Dr. Julia Brody and her team at the Silent Spring Institute in Massachusetts are well-known pioneers in exploring linkages between toxic chemicals exposures and breast cancer, prompted by the high incidence of breast cancer in Cape Cod. Upholding the legacy of Rachel Carson in exploring how environmental threats contribute to disease incidence, Brody has produced compelling results from her work in Cape Cod. Recent work has brought her team to Richmond and Bolinas where the team as tested a number of homes for the presence of toxic chemicals in indoor and outdoor air. Householders in both towns found the results surprising.

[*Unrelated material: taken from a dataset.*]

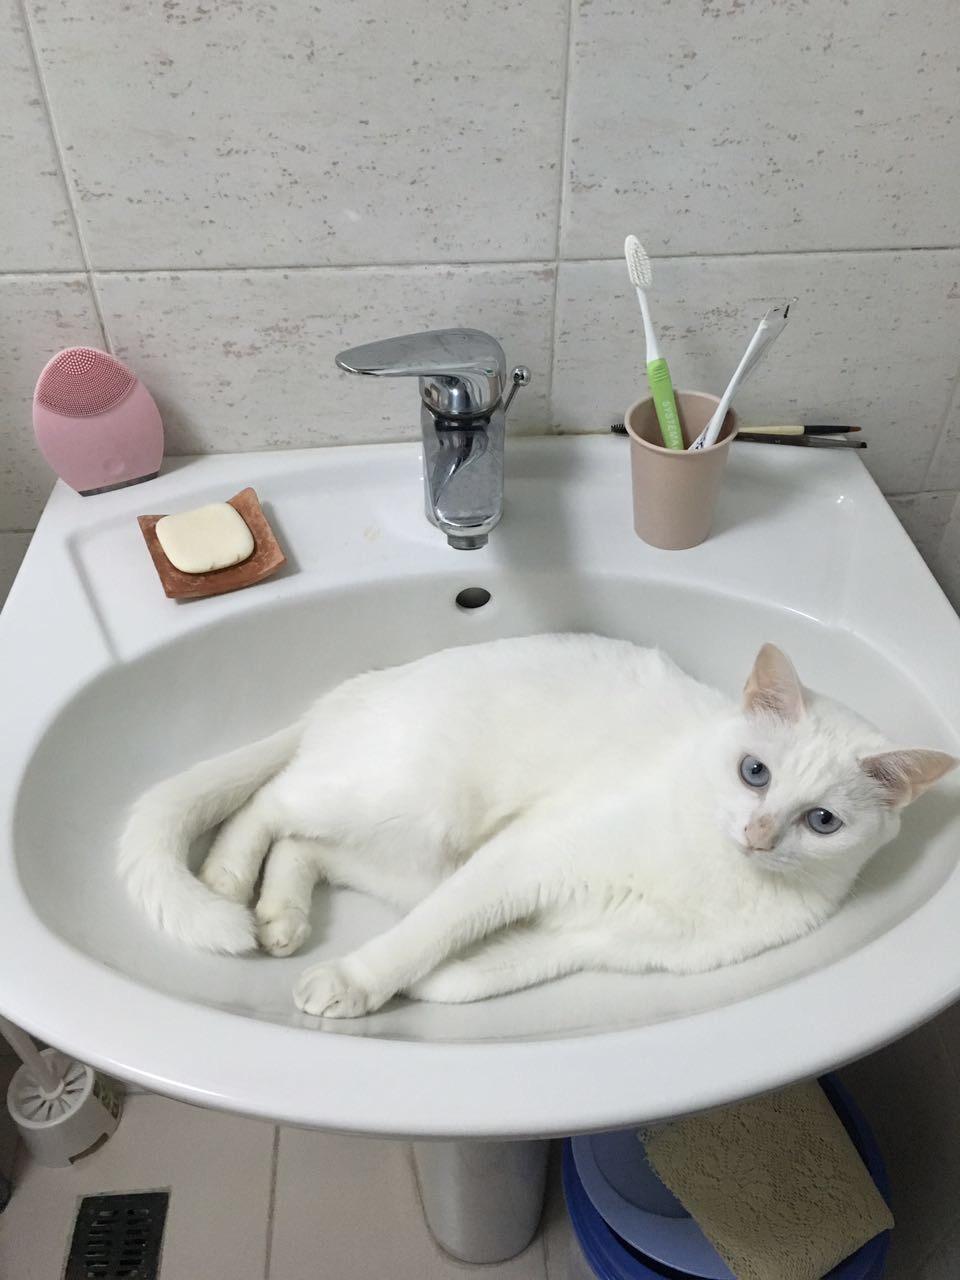 猫咪在地上蹭屁股

Like most people, they assumed that exposures to toxicants occurred primarily if one were to live near an industrial area, a military facility or near the site of some sort of chemical accident.
Join Michael Lerner in a conversation with Julia about her research, which indicates that many of us may be additionally exposed to toxicants through the use of products we use everyday, products such as cleaners, personal care products, paints, solvents, or the materials we use in constructing our houses.
Julia Brody, PhD
Julia, executive director of Silent Spring Institute, is a leader in research on breast cancer and the environment and in community-based research and public engagement in science. Brody’s current research focuses on methods for reporting to people on their own exposures to hormone disruptors and other emerging contaminants when the health effects are uncertain.